§ Work order:
Restate all of the following data exactly, keeping any images out of the copy.

§ Data below:
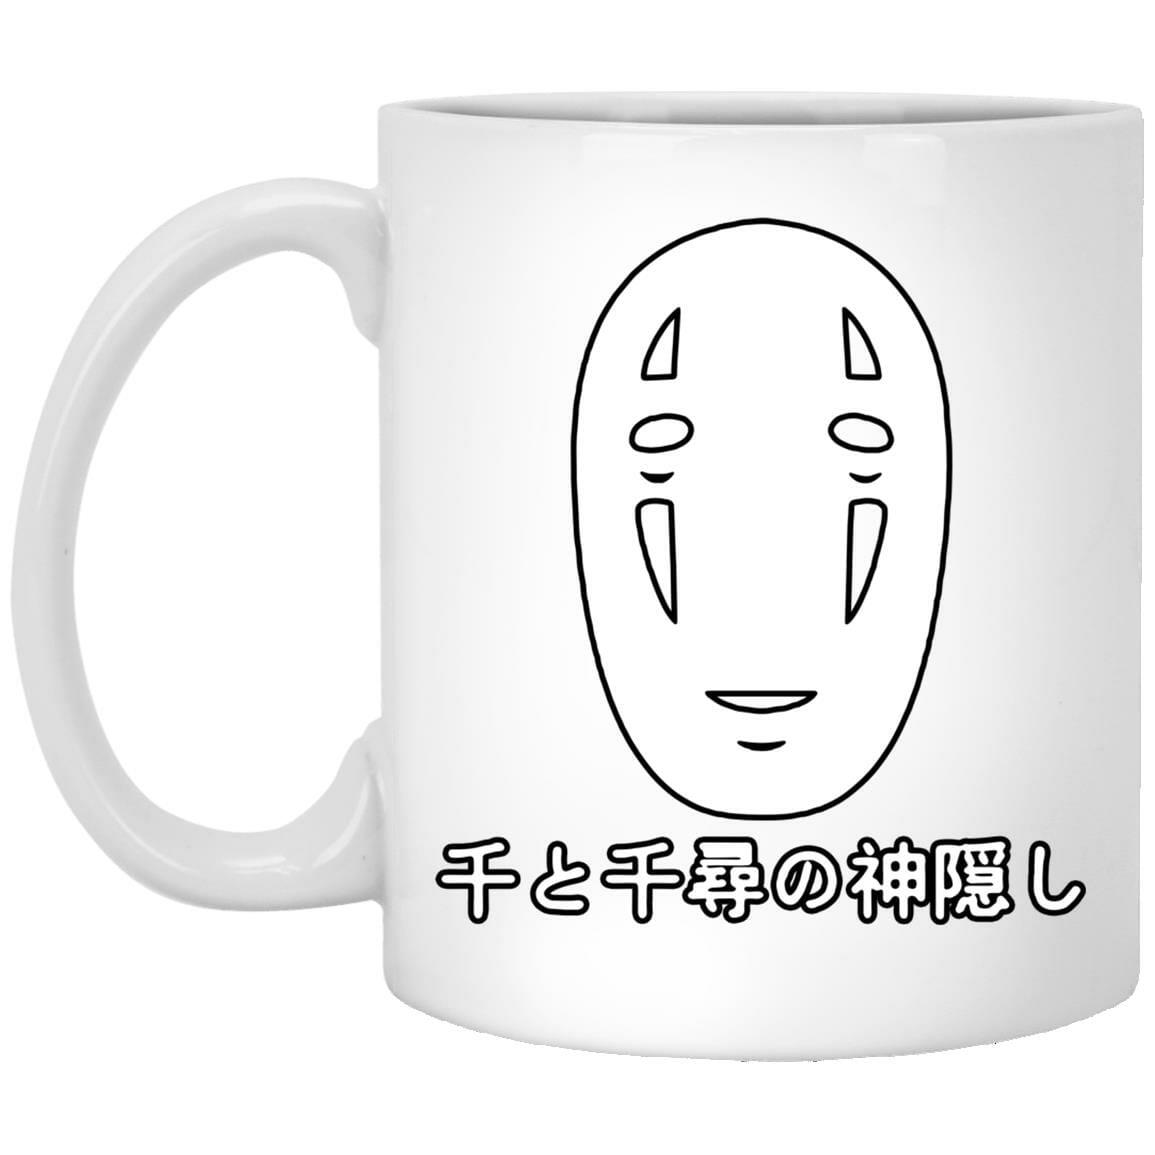 Spirited Away No Face Kaonashi Harajuku Mug
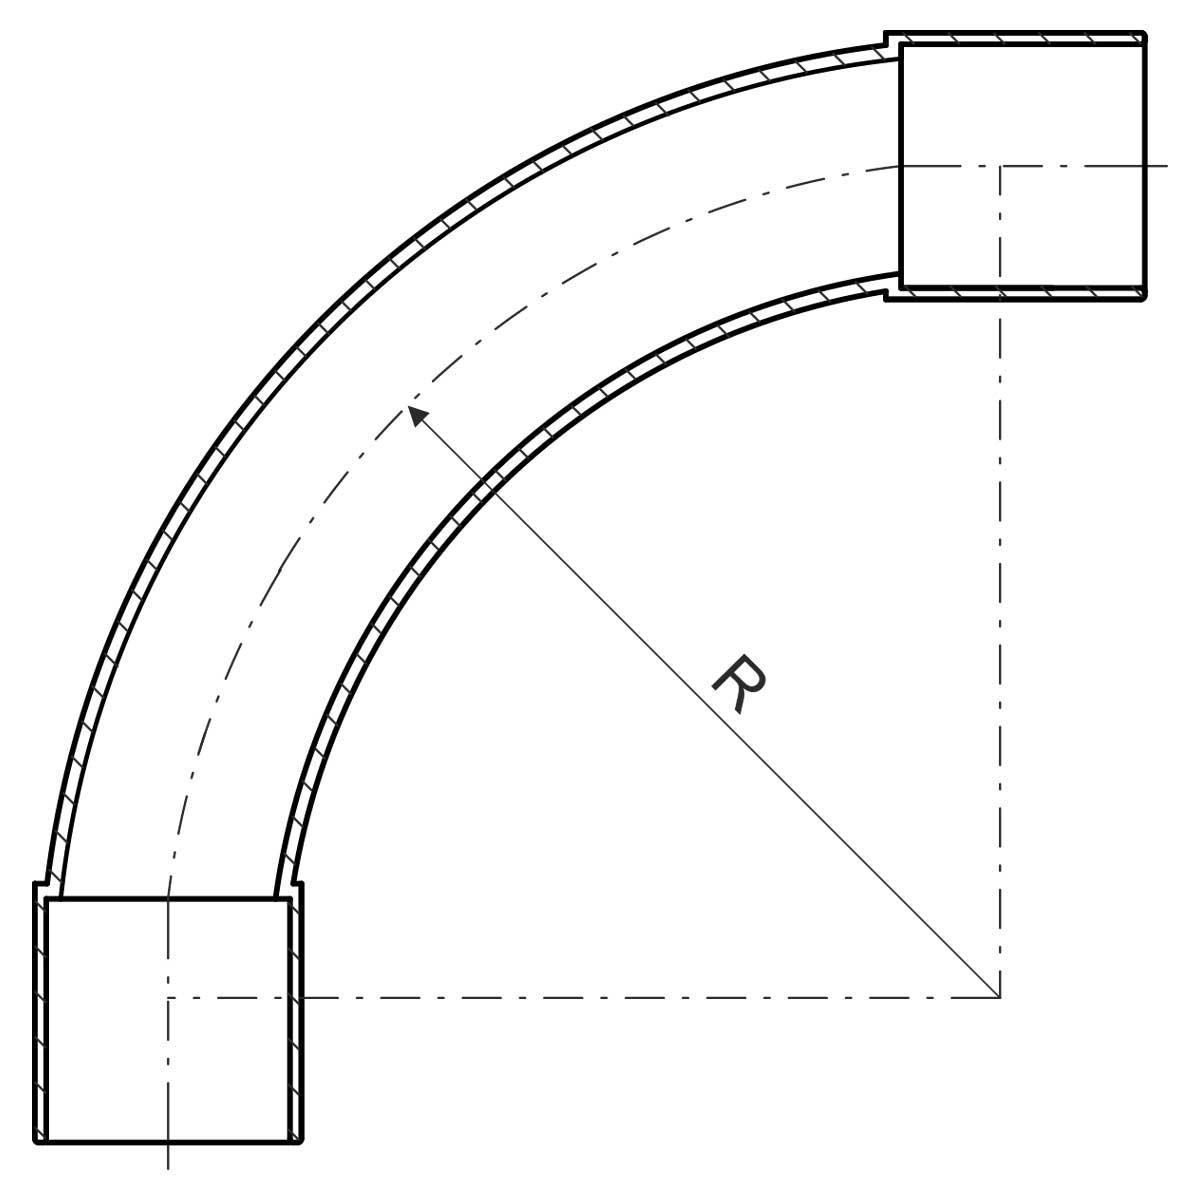 Коліно для труби 20 мм; Ø20мм; РС; безгалогенне; УФ-стійке; t застосування -45+90 °с; чорне;
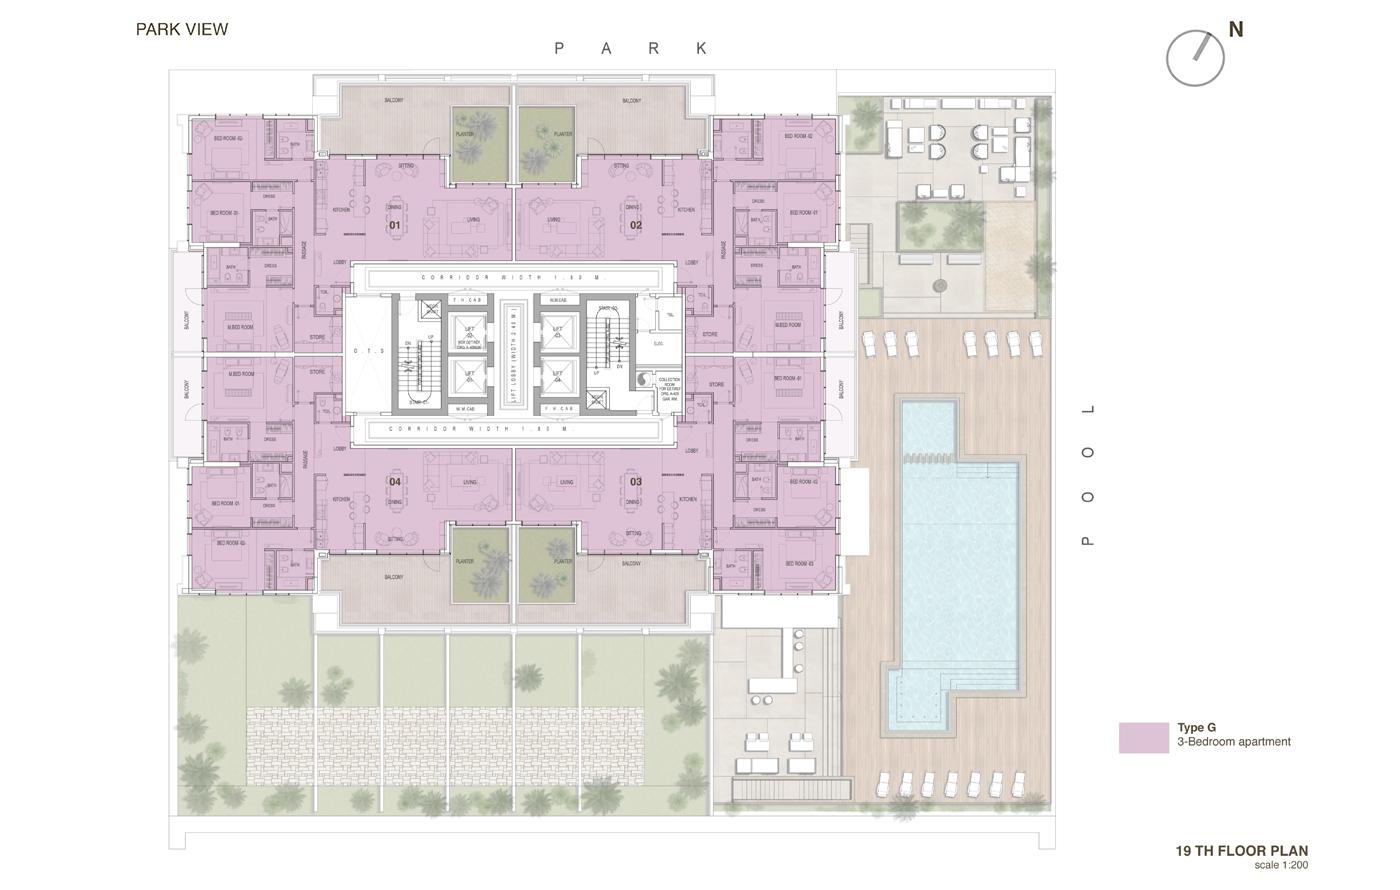 خطة الطابق الـ19 
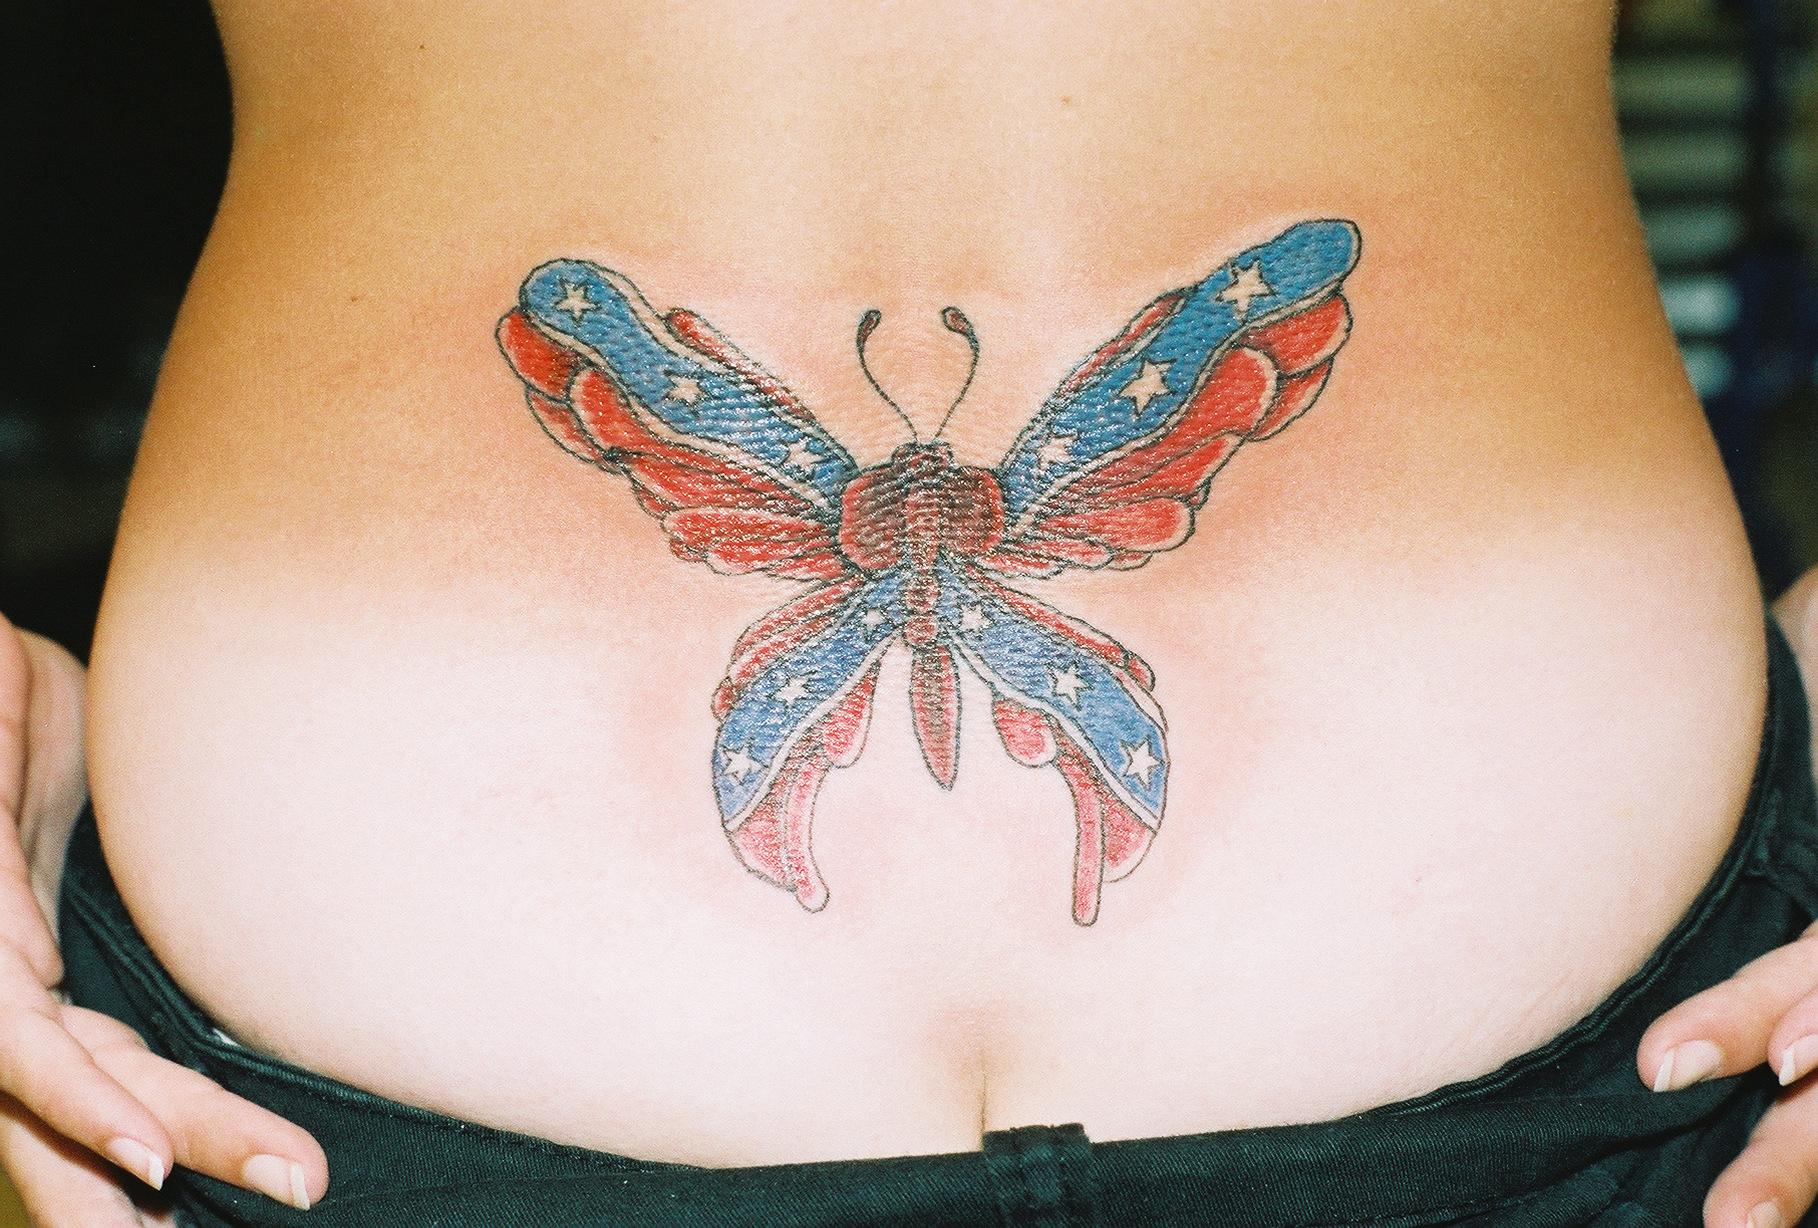 rebel butterfly by katyadraco

§ Task solution:
 Spirited Away No Face Kaonashi Harajuku Mug
 Коліно для труби 20 мм; Ø20мм; РС; безгалогенне; УФ-стійке; t застосування -45+90 °с; чорне;
 خطة الطابق الـ19 
 rebel butterfly by katyadraco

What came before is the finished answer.